An exact copy is needed of the lines from the one that contains "Entretien avec Thierry" through the final line of the data below, with pictures left out.
Segment Start: Available data
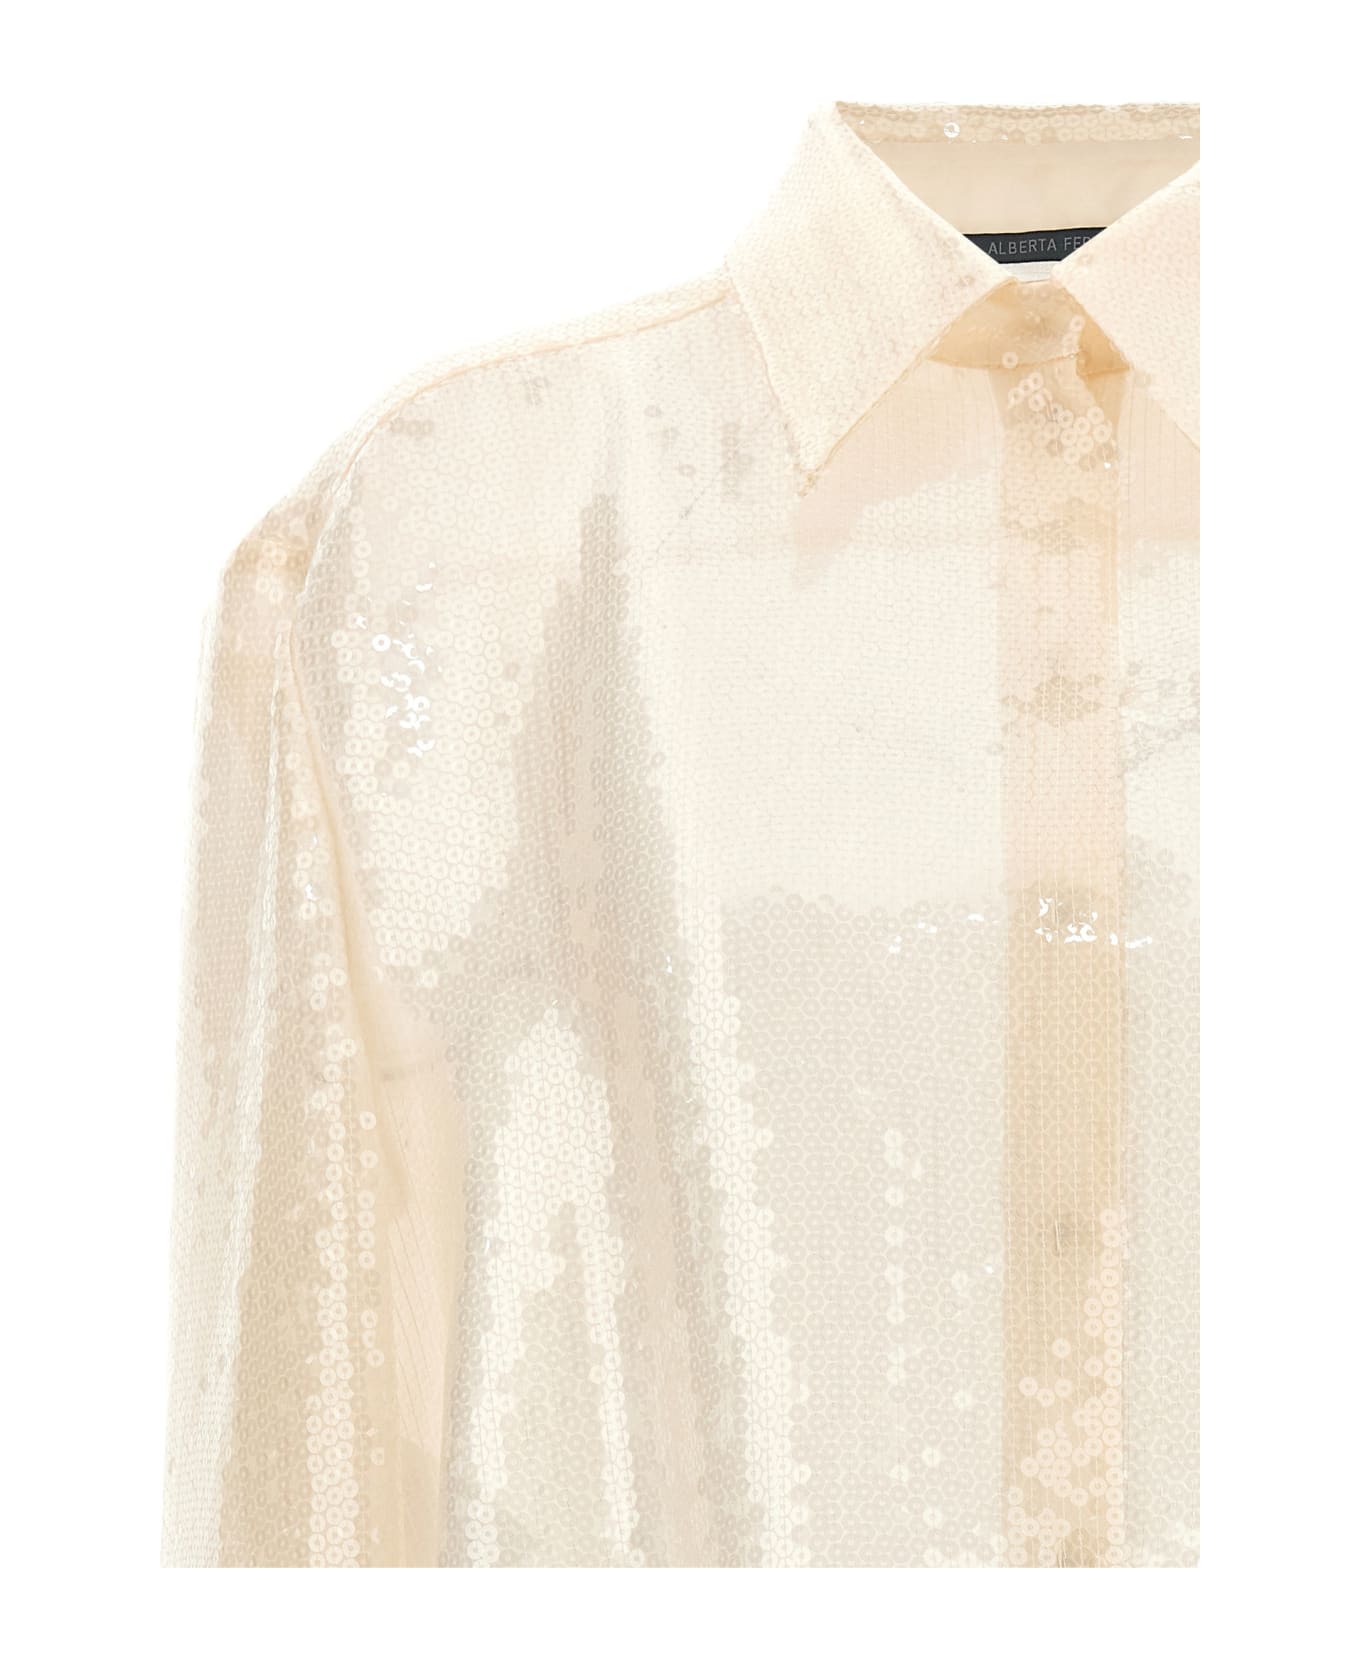 Alberta Ferretti Sequin Shirt - White シャツ
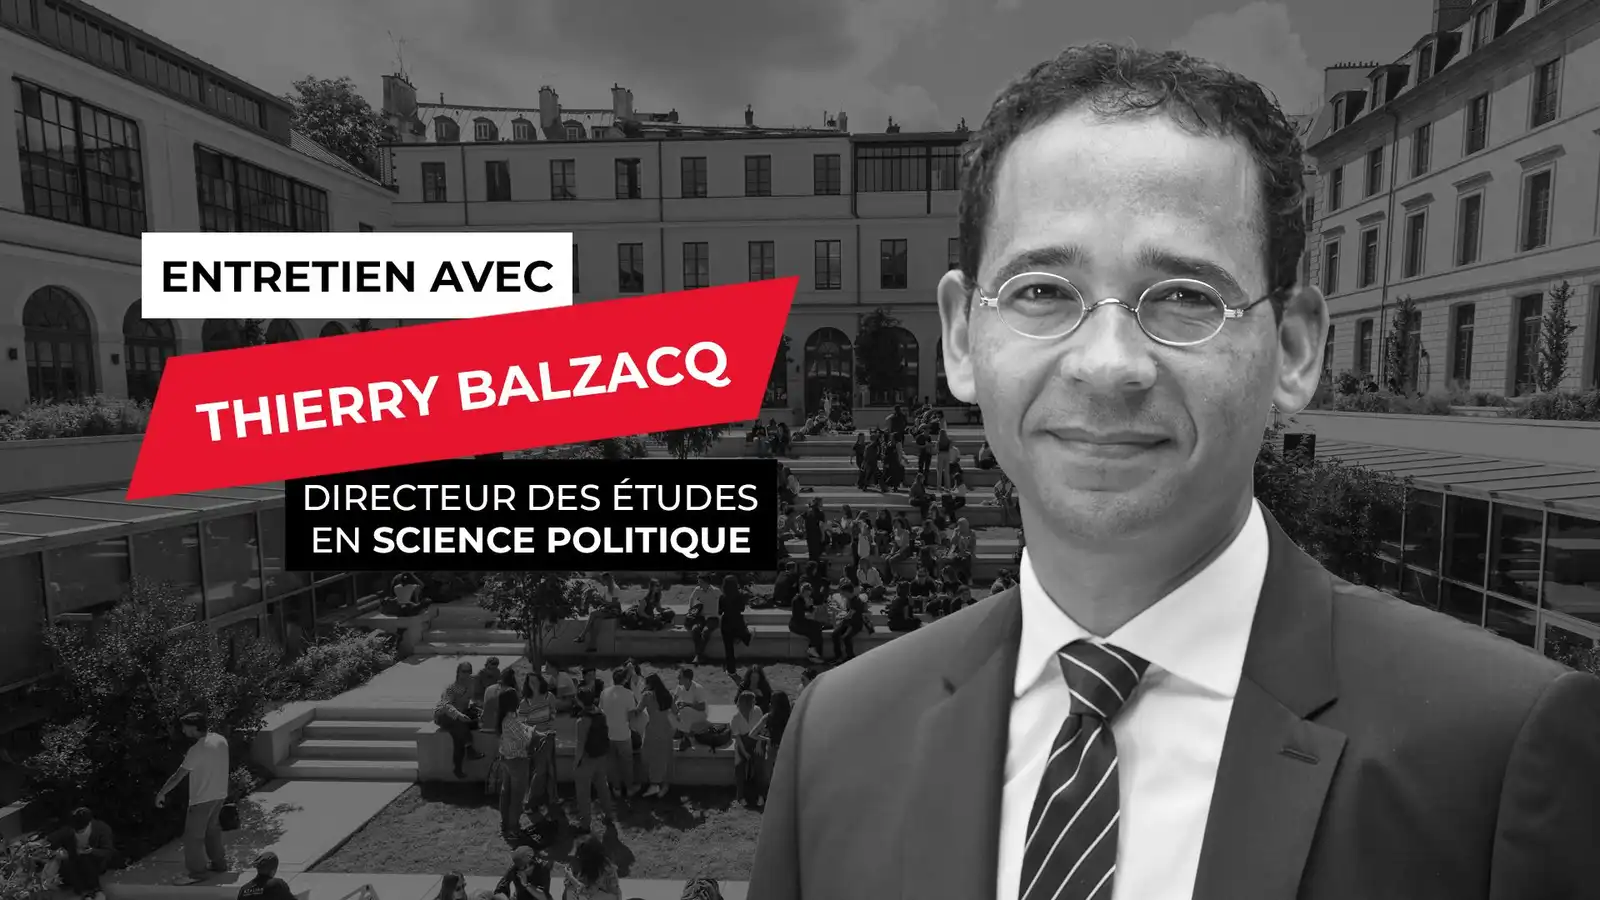 Entretien avec Thierry Balzacq, directeur des études en Science politique
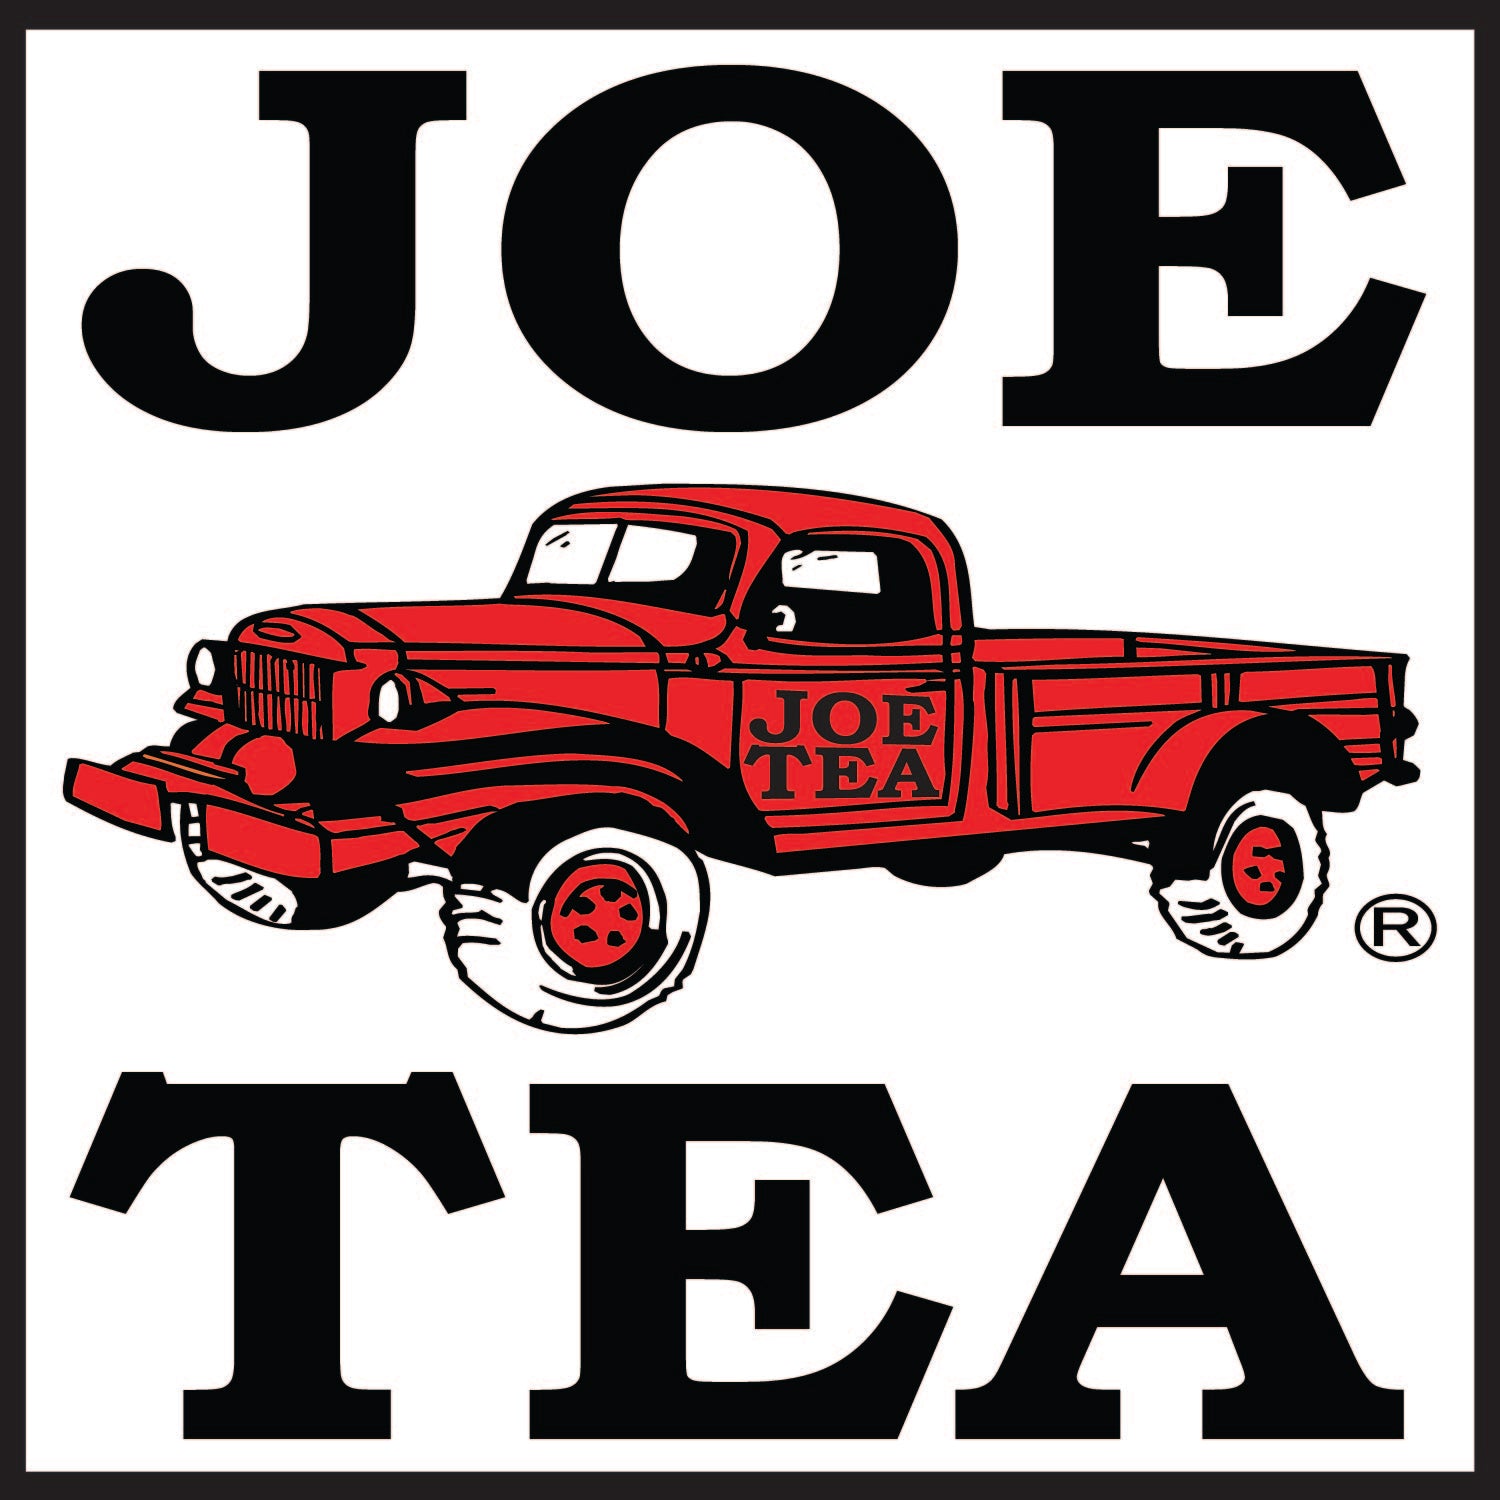 JOE TEA
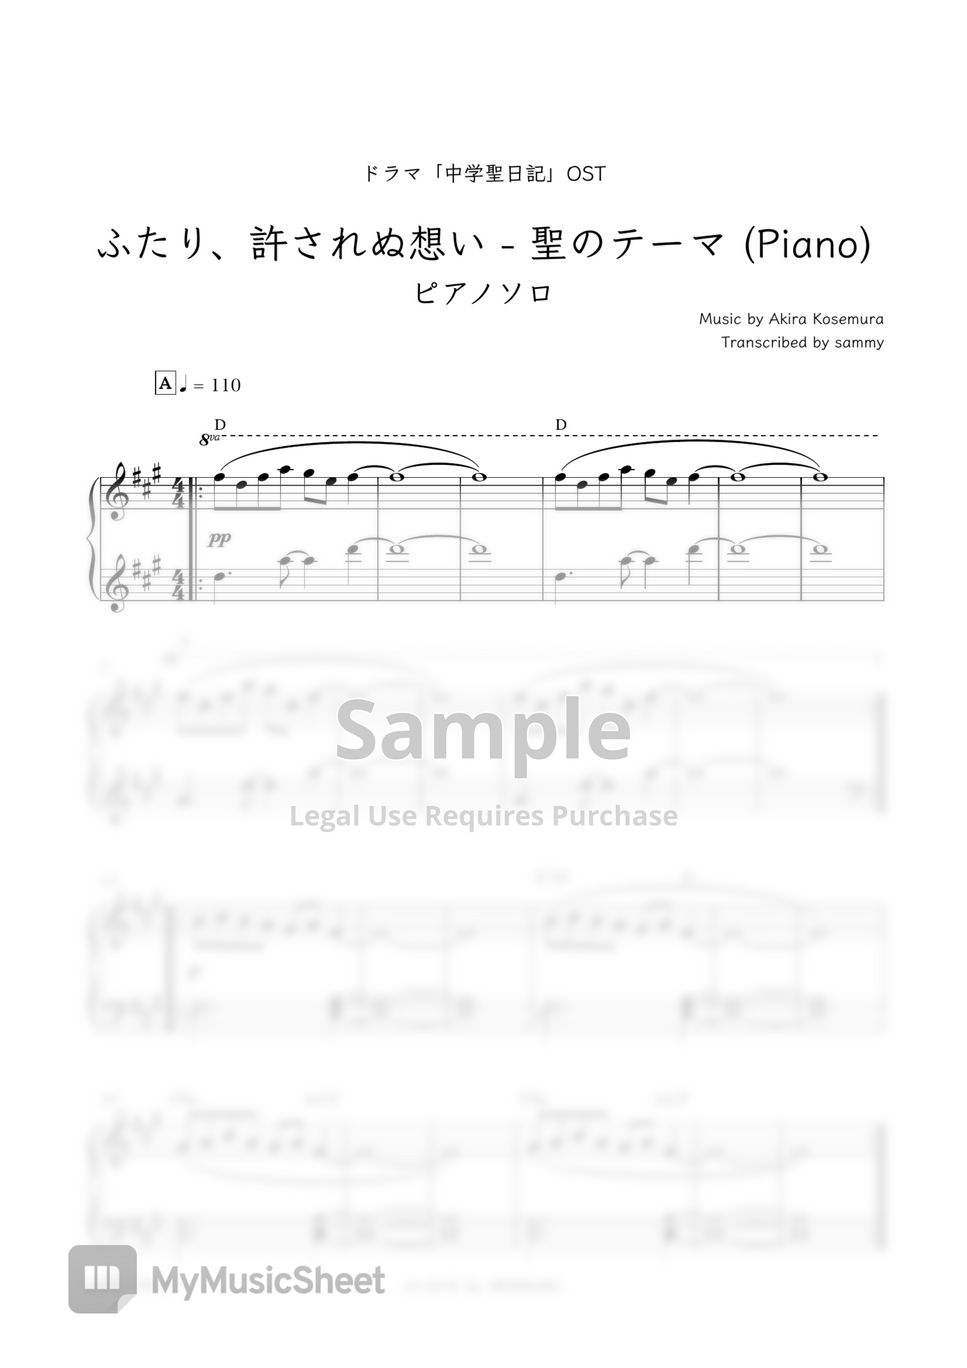 Japanese Drama "Chūgakusei Nikki(中学聖日記)" OST - Futari, Yurusarenu Omoi - Hijiri No Thema [Piano] (ふたり、許されぬ想い - 聖のテーマ [Piano]) by sammy
Segment End: Available data
Finished task:
 Entretien avec Thierry Balzacq, directeur des études en Science politique
 JOE TEA
 Japanese Drama "Chūgakusei Nikki(中学聖日記)" OST - Futari, Yurusarenu Omoi - Hijiri No Thema [Piano] (ふたり、許されぬ想い - 聖のテーマ [Piano]) by sammy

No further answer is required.